Backman, Natalia; Bell, Mckenzie; Gostick, Anthony; Kiggins, Kendrick; Koller, Christopher; Naylor, Emily; Porter, Tyrel; Rawlings, Bree; Domyan, Eric, Ph.D (Utah Valley University)
Faculty Advisor: Domyan, Eric (Utah Valley University, Biology/Biotechnology)
The domesticated rock pigeon has been the subject of selective breeding for hounds of years and so displays an immense variety of phenotypes. This variety provides opportunities to further understand the genetic basis of phenotypic evolution. Pigmentation of pigeon feathers is controlled by multiple alleles at different loci, which influences the type and amount of melanin deposited in the feathers. A specific phenotype, known as "recessive red", consists of distinctly red plumage and is caused by a mutation that greatly reduces the expression of the gene Sox10. This gene encodes a transcription factor, known to play a key role in melanocyte maturation and proliferation. Sox10 likely regulates the transcription of multiple downstream genes but the identities of these genes are largely unknown. To identify downstream targets of Sox10, we compared the transcriptomes of regenerating feathers from wild-type and recessive red birds to identify genes that had different expression levels between the two groups. We identified 46 genes that are expressed at different levels between wild-type and recessive red birds, and thus are potential targets of Sox101.

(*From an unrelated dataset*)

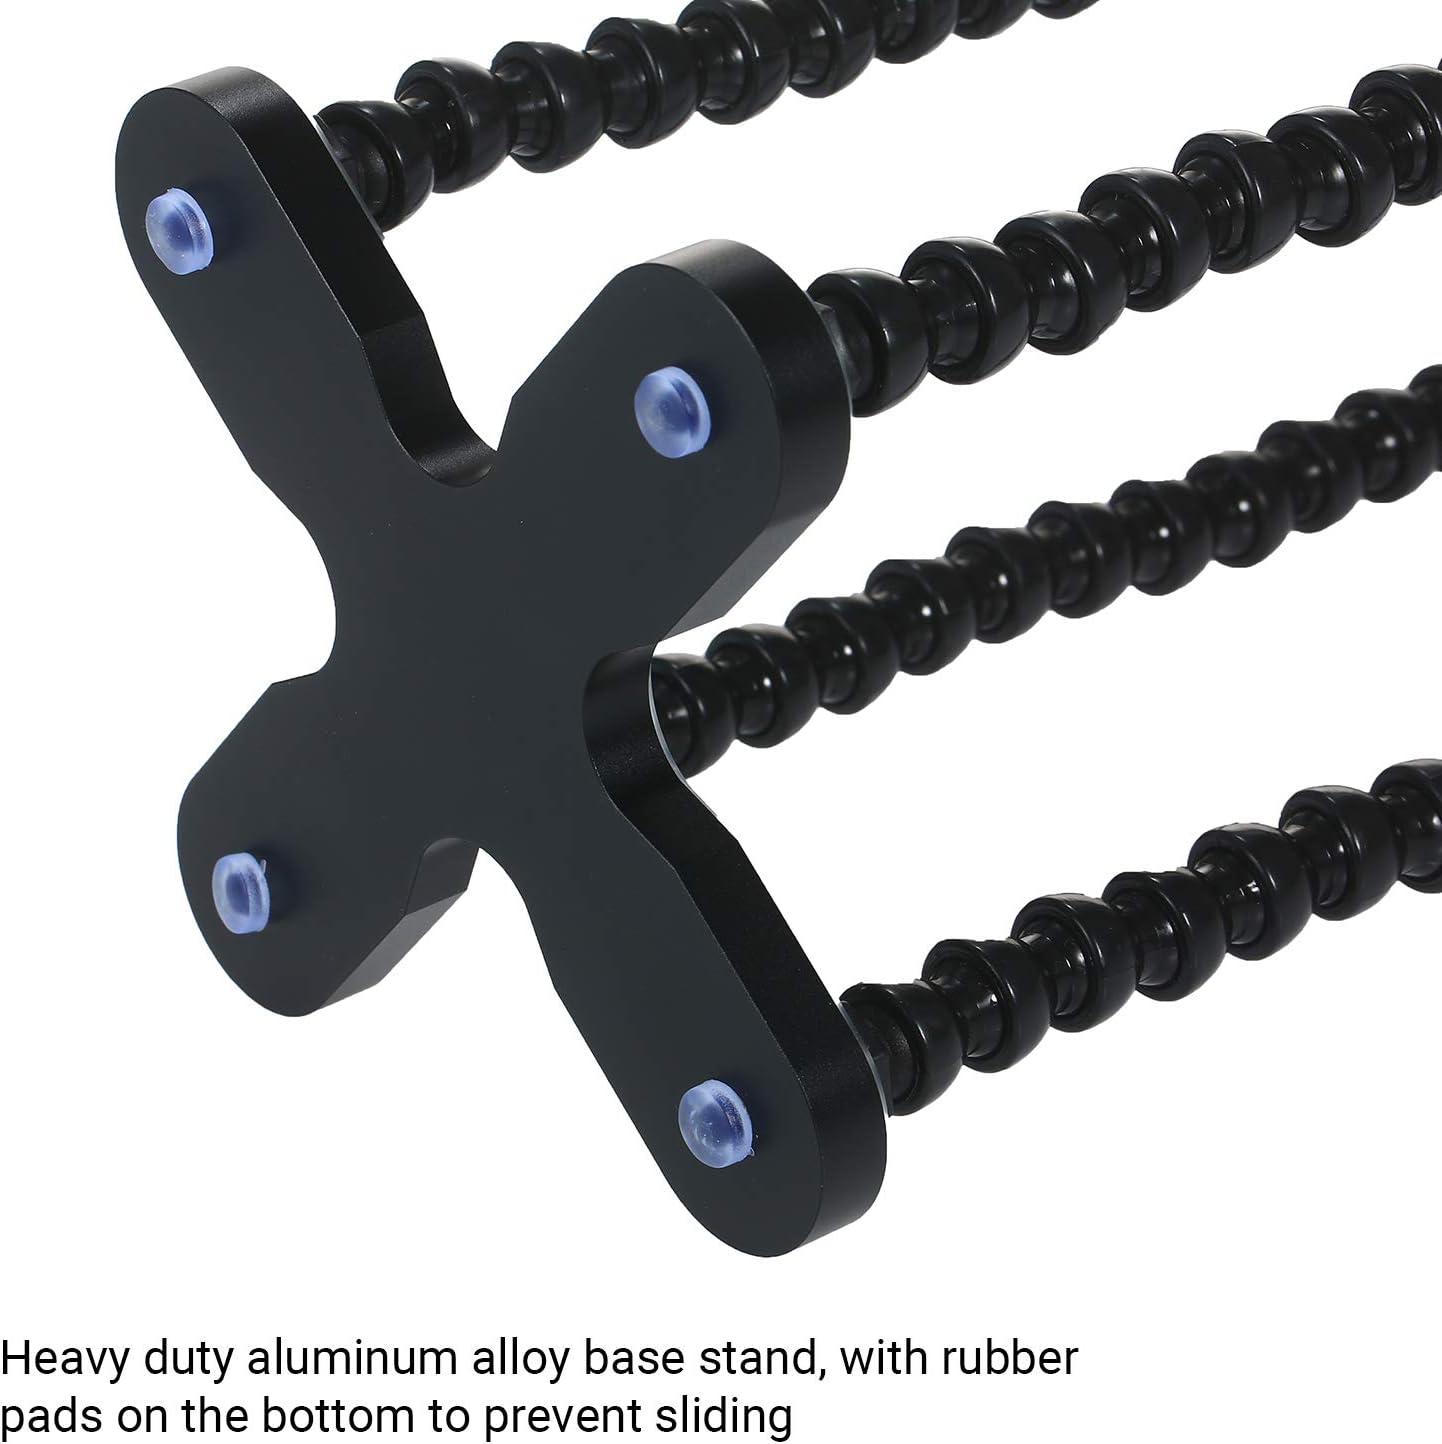 KKmoon Soldering Station Welding Repair Third Hand Multifunctional Welding Tool PCB Holder Flexible 4 Arm Alloy Stand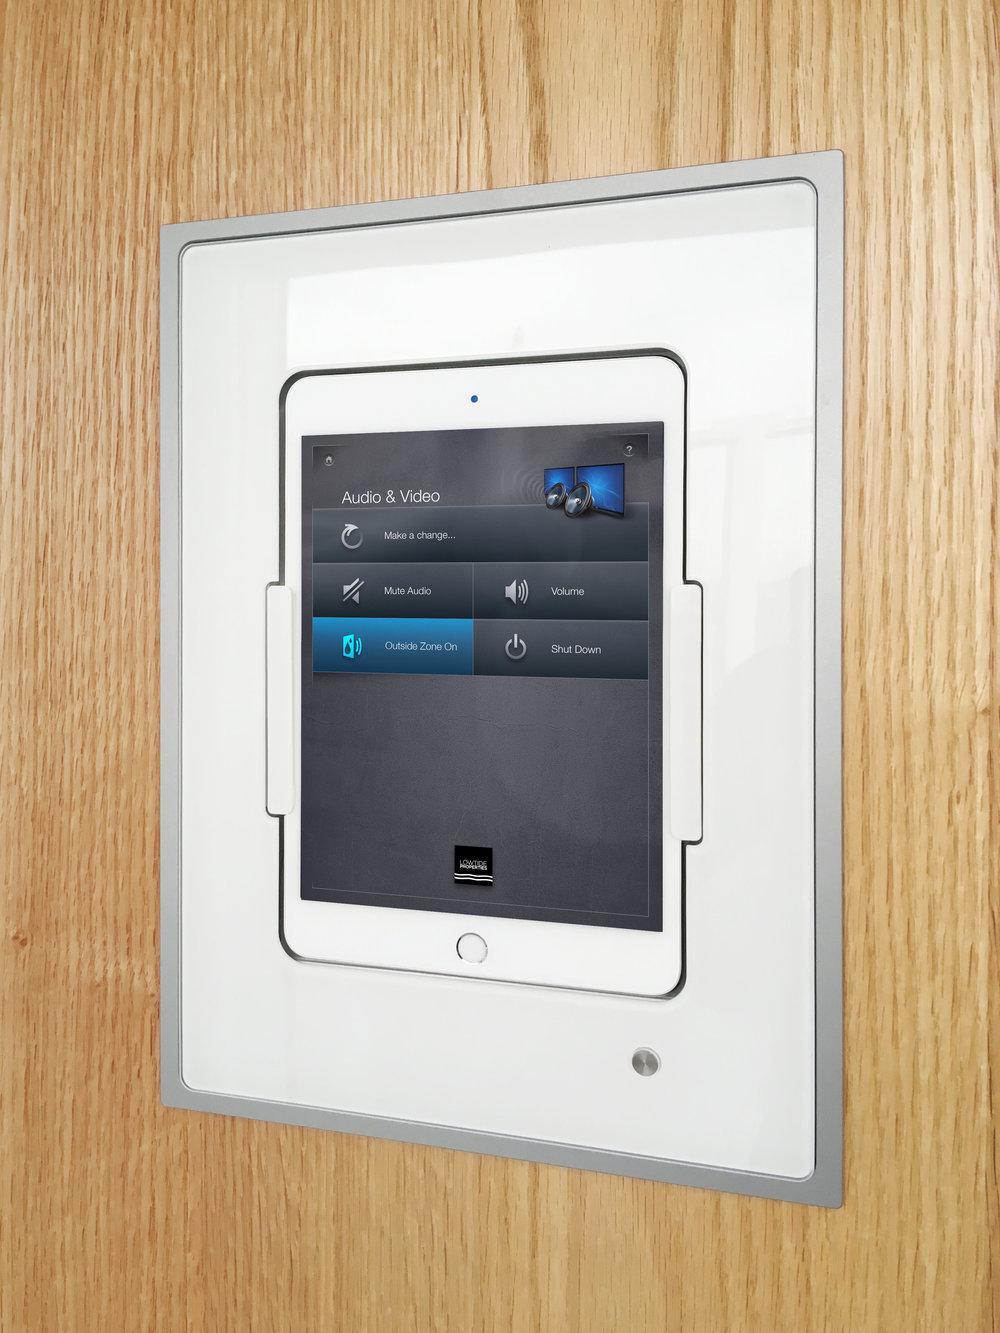 The iPad runs Xprt's proprietary control app, Kutano.

While several of the target genes have known roles in pigmentation, the role that many of the targets play in pigmentation has not been studied, making them interesting candidates for further investigation. Using CRISPR-Cas9, we introduced mutations in candidate genes that were chosen because of their unusually low expression in recessive red birds due to the mutation of Sox10. By observing the effects of the mutated genes, we can determine their roles in pigmentation. The genes that we are mutagenizing in our research is Tbx2, Arsg, and Abcb5 to see if they play a role in the melanin synthesis pathway.